The post is more suitable for the hub "
Spam and antispam ", but globally the post is still for the off-topic "I am promoting".
Recently, I had a task to collect email addresses of schools to invite participation in interscholastic competitions. On Habré there were several posts devoted to collecting email from commercial and non-commercial sites. I have not seen a single truly effective and civilized option for an automatic or semi-automatic option, although from time to time such a need arises. 99% of the tools are email generators and “sales databases”, or desktop buggy software that you don’t want to use.
Lyrical digression. The topic of spam and antispam is a very thin line, so I will immediately give a definition: a civilized (or delicate) way - in respect of those who will receive the newsletter. The manual version of the list is the most optimal, but the speed of modern life makes it necessary to automate everything that is possible, because The task of any mailing is to inform a large number of people in the shortest time possible.
A couple of weeks ago, I was approached by the developer of the
spider-post.com service, which solves this problem. He suggested that I test the resource and post a review on Habré. I agreed, because I am interested in the topic, but I did not find similar tools. I would be glad to see in the comments links to other services.
')
All your questions will be transferred to the authors of the development. Answers to them will appear in the comments.
A variant of a compromise solution to the task of collecting email seemed to me like this:
- select the sites related to your business according to certain criteria;
- pick up email from them;
- check for validity;
- clean manually from email, the appearance of which is in doubt;
- make a trial newsletter with a proposal to subscribe on an ongoing basis.
Spider Post uses a similar approach.

- you choose a region and set up lists of key phrases that characterize your business;
- the service selects sites on search engines according to the specified parameters and collects lists of emails. The ready list can be received within several hours. According to the developer, the service analyzes what is written after the “@” and checks whether the site is alive and the email, how old the resource is, whether it is commercial;
- After that, the lists can be downloaded and cleaned manually (the report also contains the website addresses in order to clean more efficiently).
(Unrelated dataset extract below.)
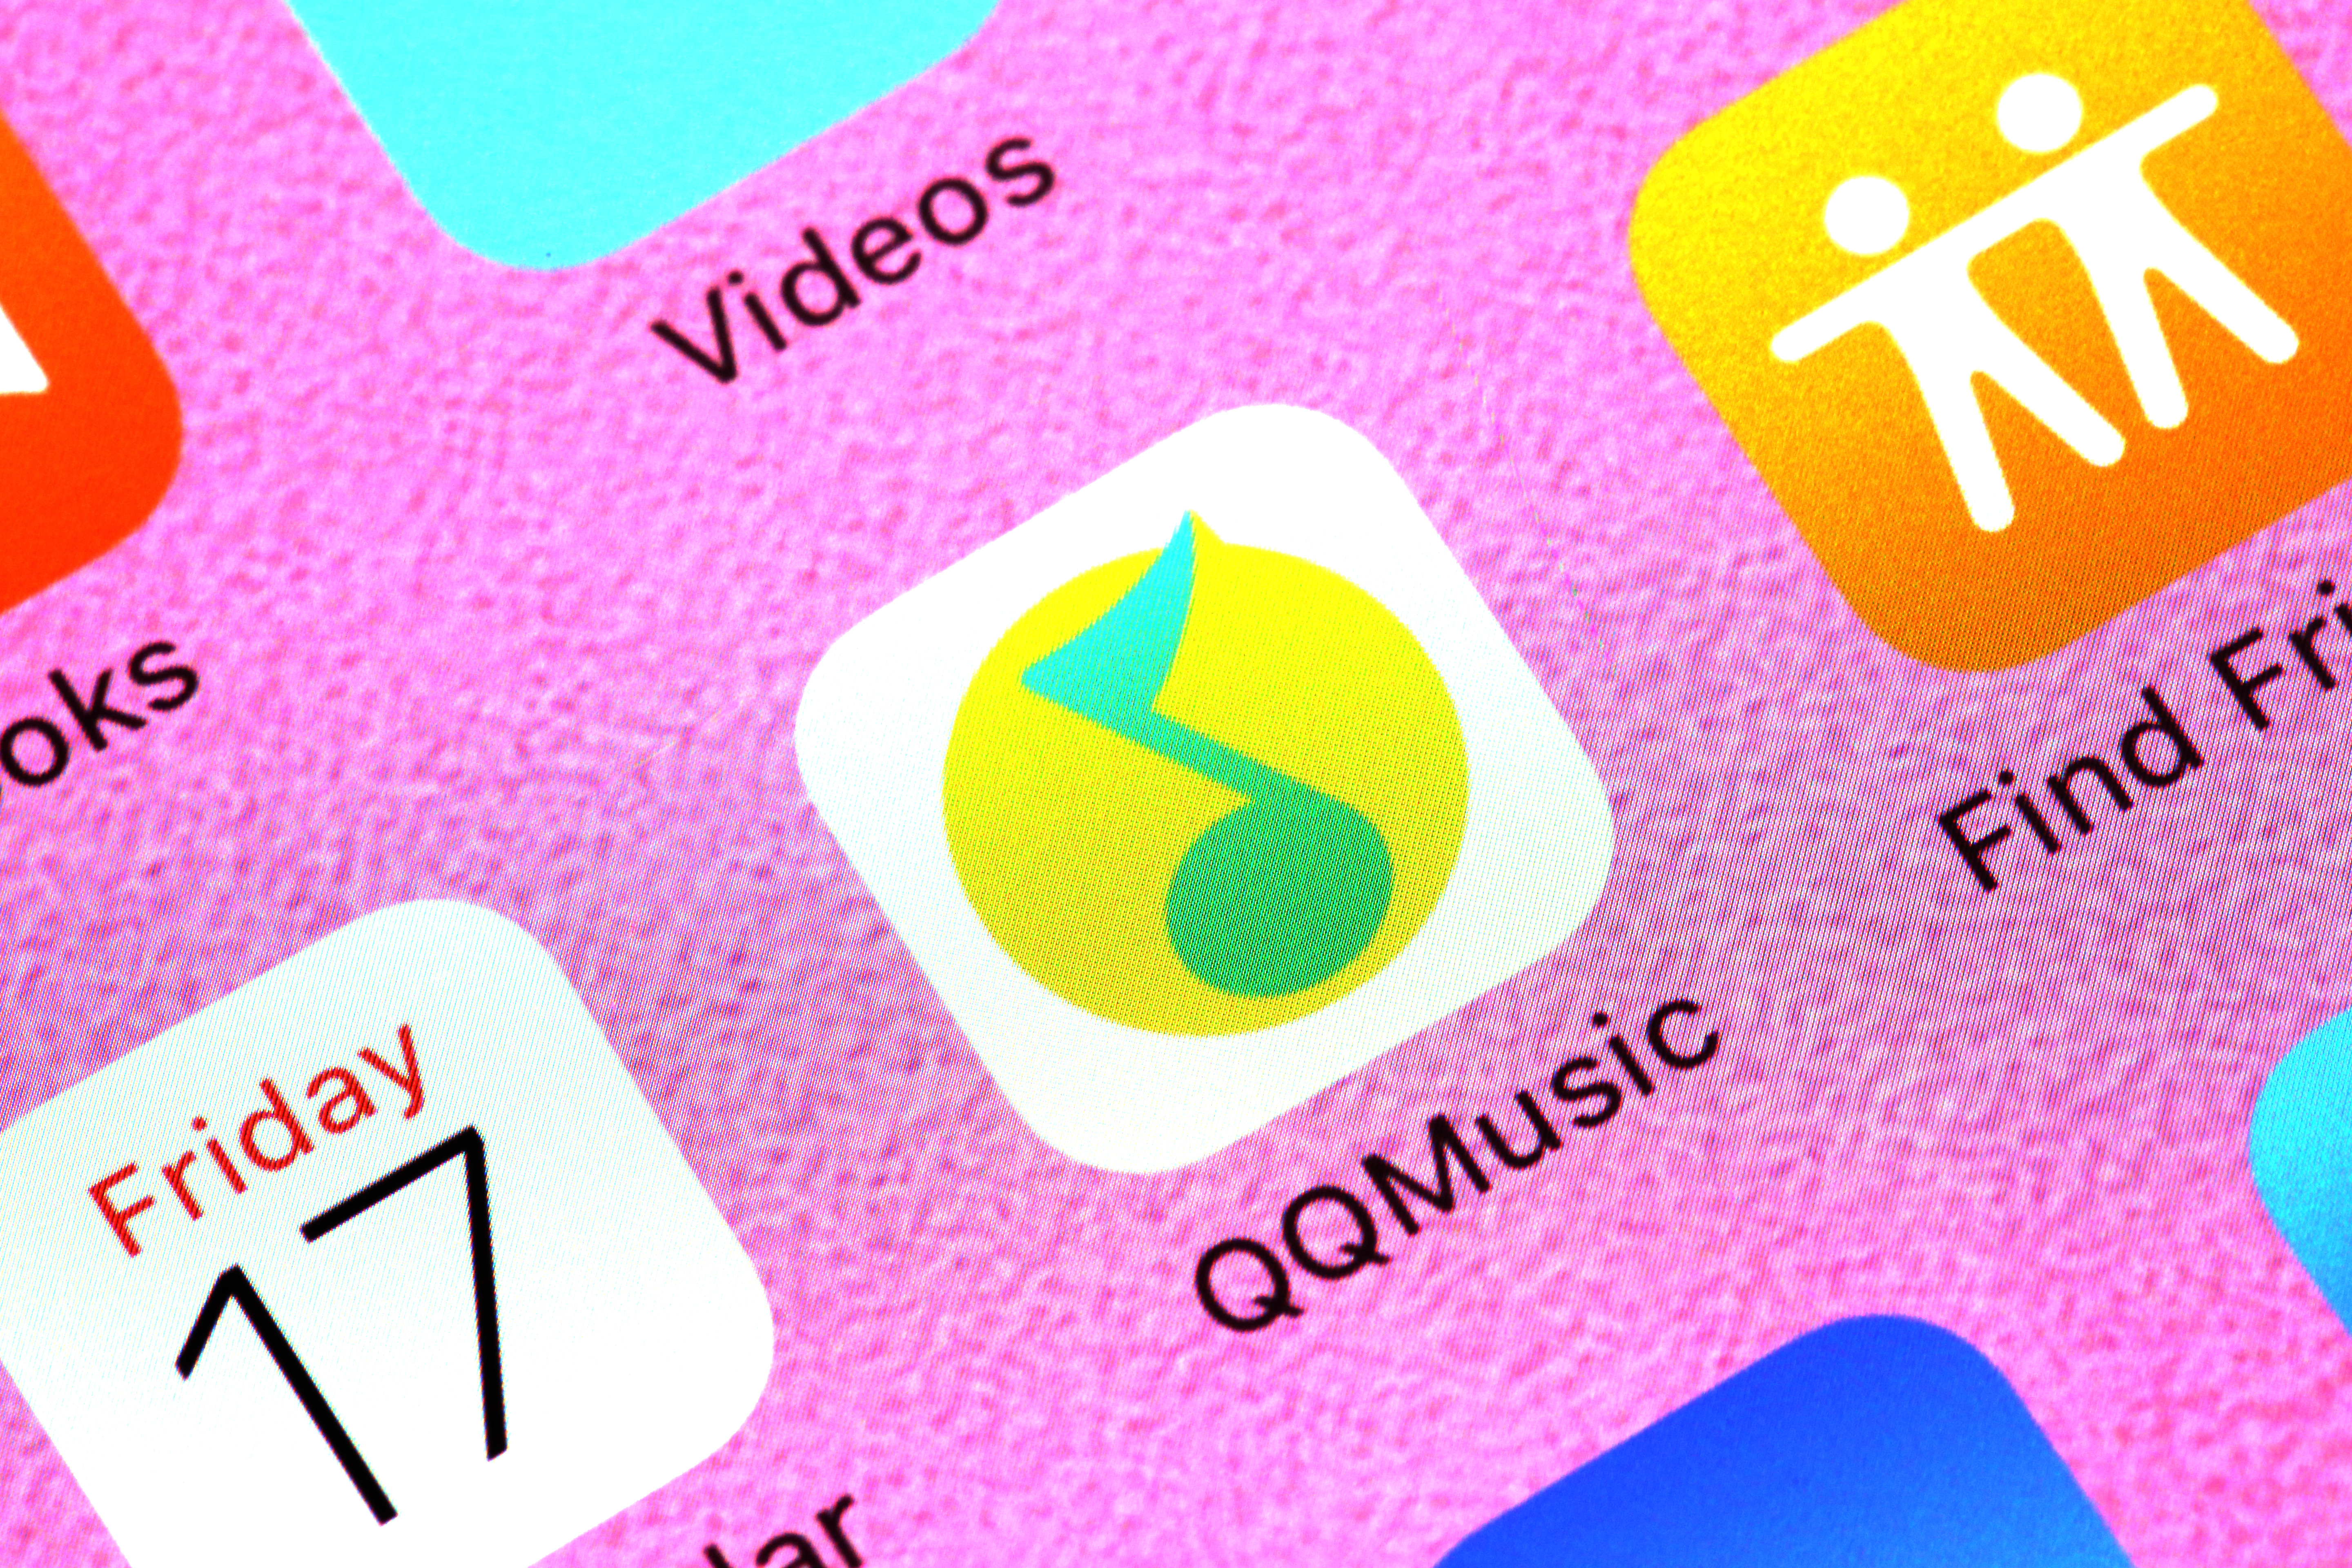 Tencent Music Entertainment Q3 revenue surpasses USD 1 billion

I conducted testing on several topics in which I understand something (high schools, phosphors, perimeter security). Results and conclusions below.
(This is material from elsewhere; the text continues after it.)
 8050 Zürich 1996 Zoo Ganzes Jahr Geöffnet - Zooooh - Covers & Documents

Screenshot of the completed order page:

Detailed results information:

The impression is ambiguous.
- I asked highly specialized queries to minimize the possibility of getting into the final list of garbage.
- In all cases, the email database was obtained with tens of thousands of addresses and a large number of "strange-looking" email.
- “Prosherstit” such a document manually is simply unrealistic, and most of the B2B market can hardly boast of such a number of participants, and accordingly, email.
Some tips to developers on the functionality. What I would like to add to the functional:
- The ability to use the query language of search engines, thanks to which it will be possible to narrow the number of sites for selection.
- Collect additional information. In addition to the site address - a rubric and its description from the Ya. Catalog or from the issuance of a search engine
- The ability to specify which sites need to collect addresses (for example, according to my task with schools there are federal resources)
These simple additions will reduce the percentage of garbage in the lists and simplify further cleaning.